I was taught that writing software is easy if you can express the problem you’re looking to solve and its solution in clear and precise English. I’m not sure about this being grammatical, clear or precise, but hopefully it’s enough to illustrate a means of uniformly modeling and implementing these beasties across a variety of use-cases.
For me, at least, writing this description is helpful as it forces me to walk through the various twists and turns in some detail before digging into the code. When I get the integrated walk-forward testing working I’ll try to provide some illustration of its use and will look-ahead to developing a regime-switching example using the models/mechanisms we’ve been discussing.

That toolbox sounds really cool!
Stratbox does indeed look really great and about to get greater! good luck with the development of that new functionality.
I did start coding up a back-test platform that I also wanted to use for trading, etc. but soon decided that was going to take me away from actually researching strategies. So I am focusing right now on back-testing, etc. with platforms that already implement the functionality I need (ie bought them) and I’ll revisit the best way to implement live trading at a later stage.
Obviously it is not as ideal as in your case where the same engine is running the different back-testing/trading modes (no code porting risk, effort, etc.)

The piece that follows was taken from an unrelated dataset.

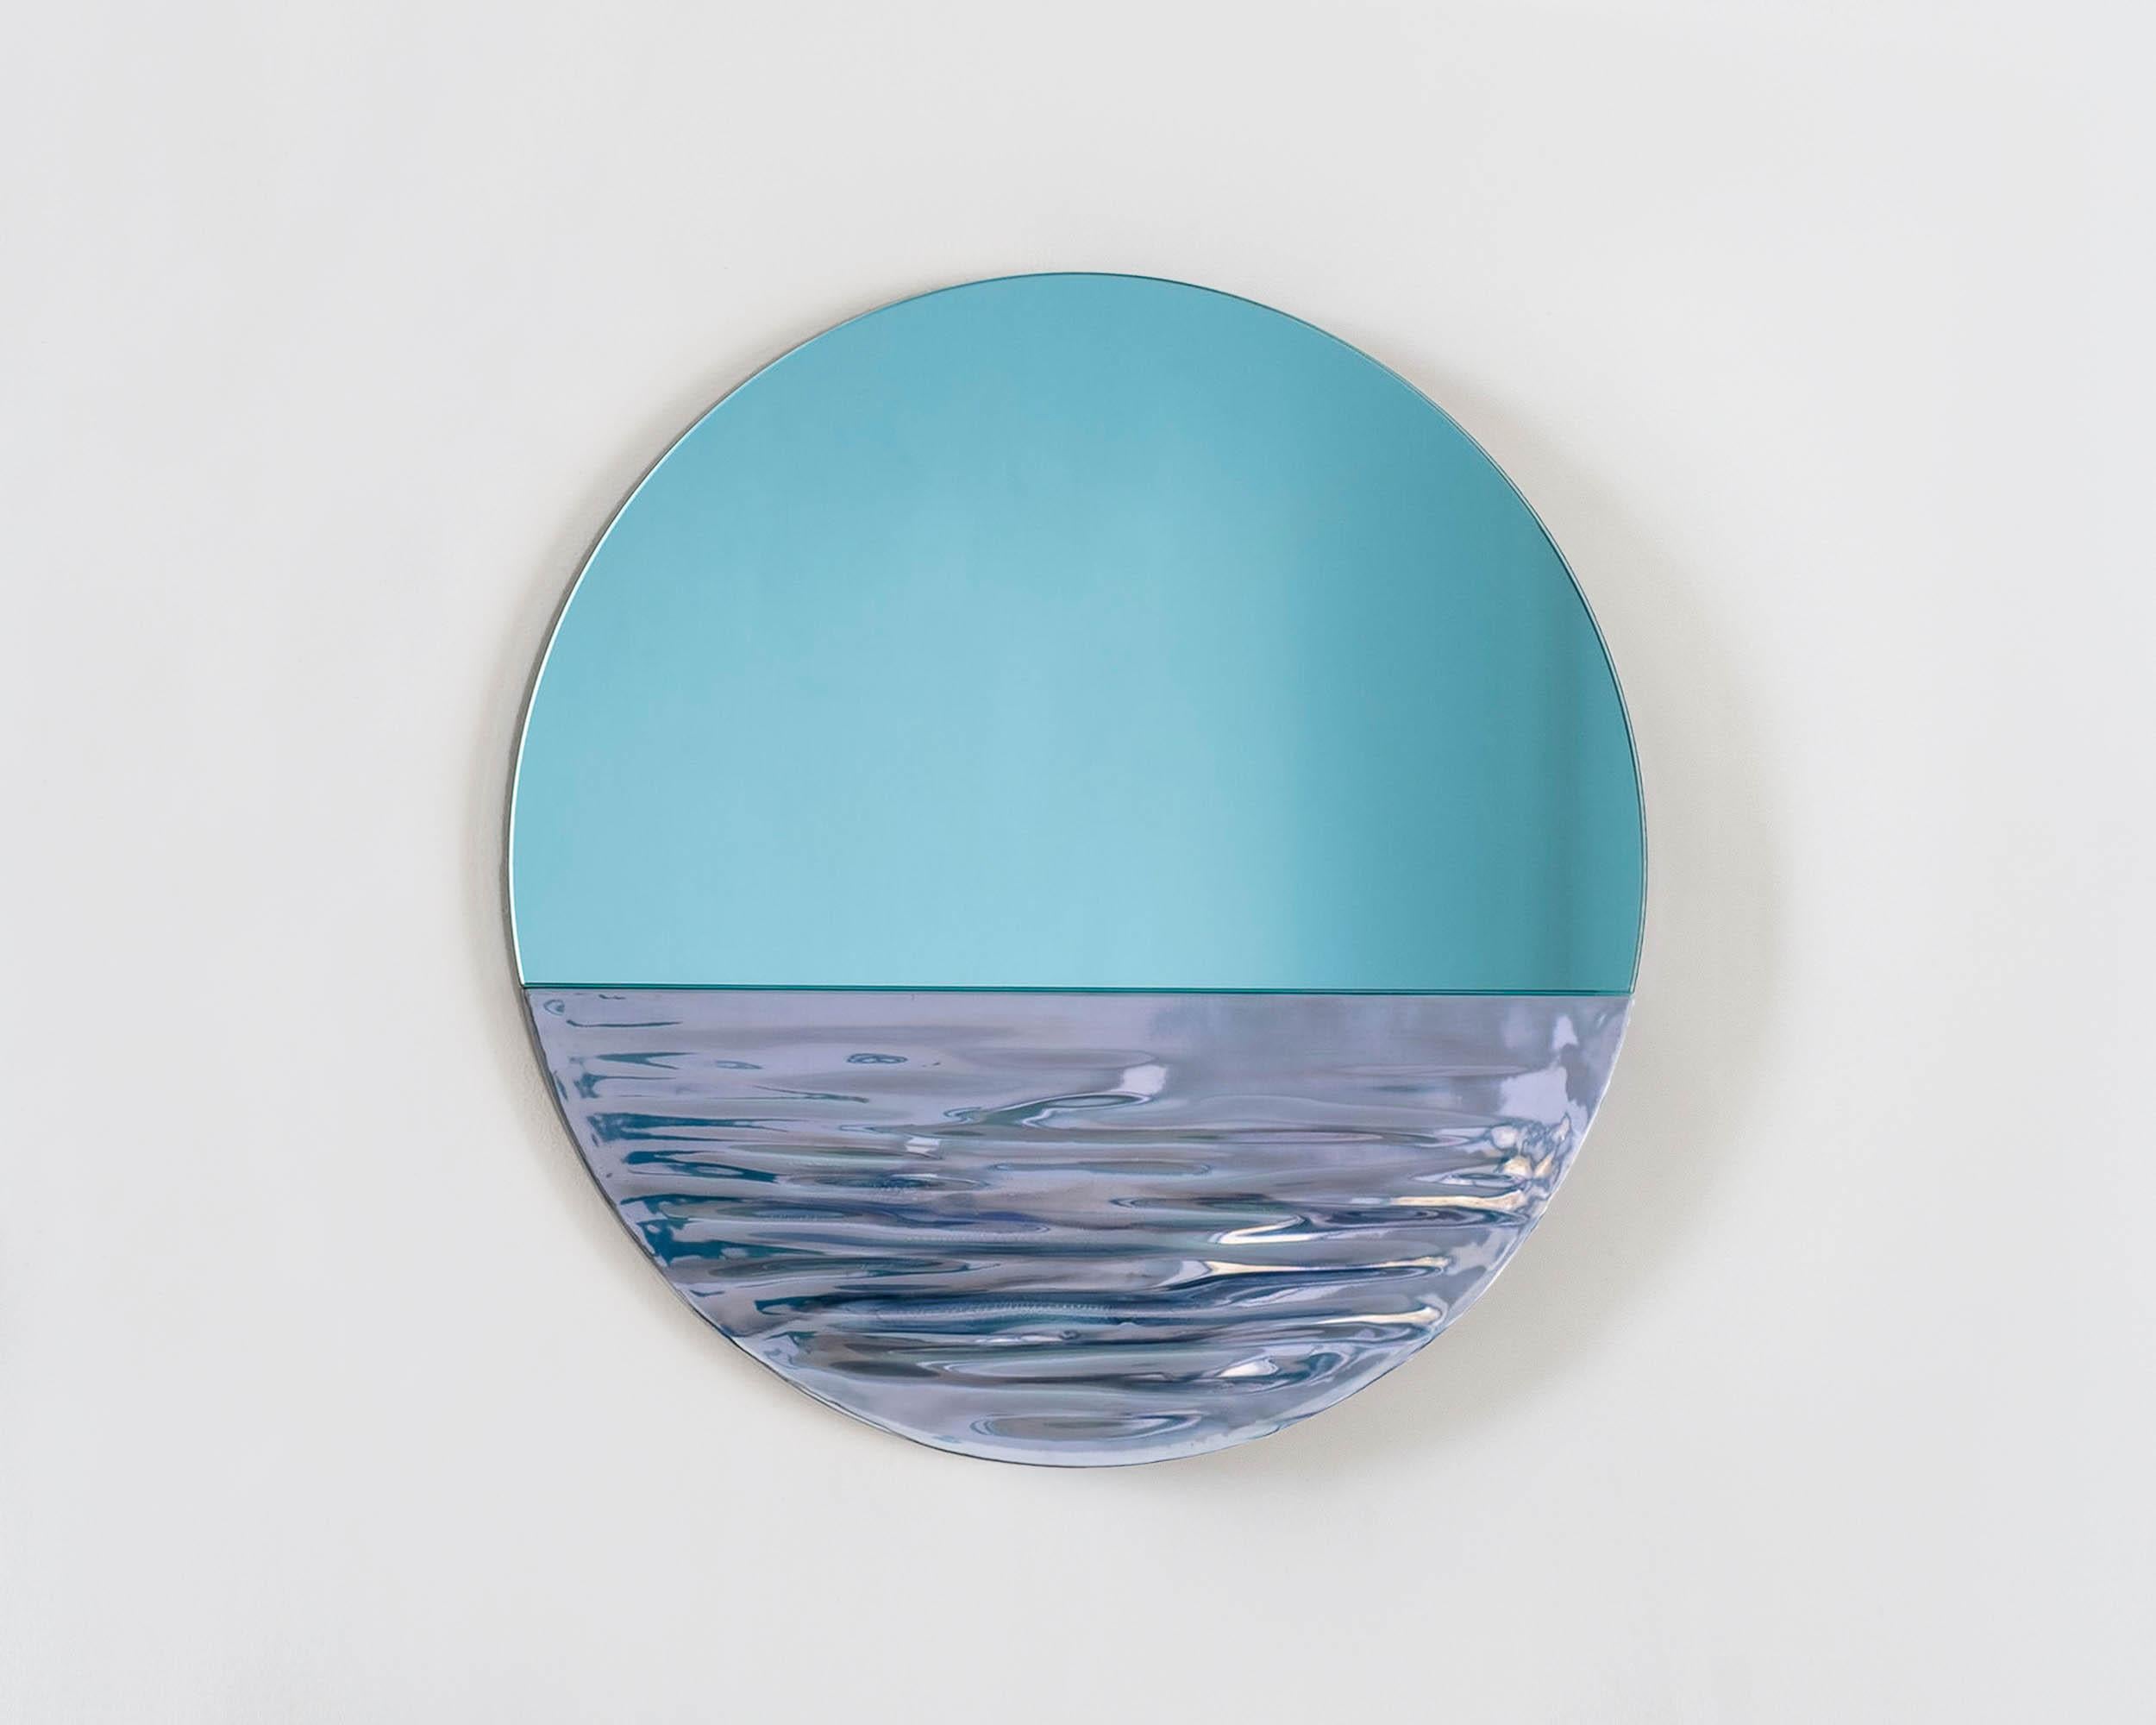 Organique Miroir rond contemporainorizon bleu vif par Ocrm « Céramique » en vente

Are you not distributing Stratbox at all or just not actively marketing it? Sounds like it would have great potential although I seem to understand this is not too much your cup of tea?
PS: are you a biker fan too? I have not seen the last GP yet and I was scared you might have shown Lorenzo doing a high-side at yesterday’s race (which I haven seent therefore losing any suspense for the title race) – but I think thats a previous race – it cant 2 like that in one season
Watching the race tonight (recorded).. Viva Rossi!
Thanks Jackie & Jez.
That’s a pretty stout understatement you make there, Jez! Writing this thing ourselves is a serious investment and a big distraction which really only buys flexibility. The flexibility is pretty compelling, though, and affordable alternatives just seemed to be toys when we’d looked at them a few years back. Serious analytical tools like barra or kx are simply too expensive – for the cost of their licenses, you can pay a few coders to do whatever comes to mind… And the production-worthy platforms like flextrade or portware are also expensive and were really built for sell-side oriented execution-quality development or use rather than providing rich facilities for alpha-generating strategies. I still think we made the least-bad choice, but the environment has changed a lot since then and our decision might well be different were we to have made it currently…
And yes, I have a long-standing love for all two-wheeled vehicles and the mashed intervertebral discs to prove it… Great way to bring the foundational lessons of risk management to heart. If you haven’t, take a look at my old post entitled “inverting stupid” as it’s also moto-inspired ;^>
I can see what you are saying with flexibility.. It must be so nice once you get there!
The other moto post is quite good if only for the “Stupid hurts” insight (never heard it before but it makes sense
Not sure if you watched the Valencia race… but oh boy, did Lorenzo save a MASSIVE high-side!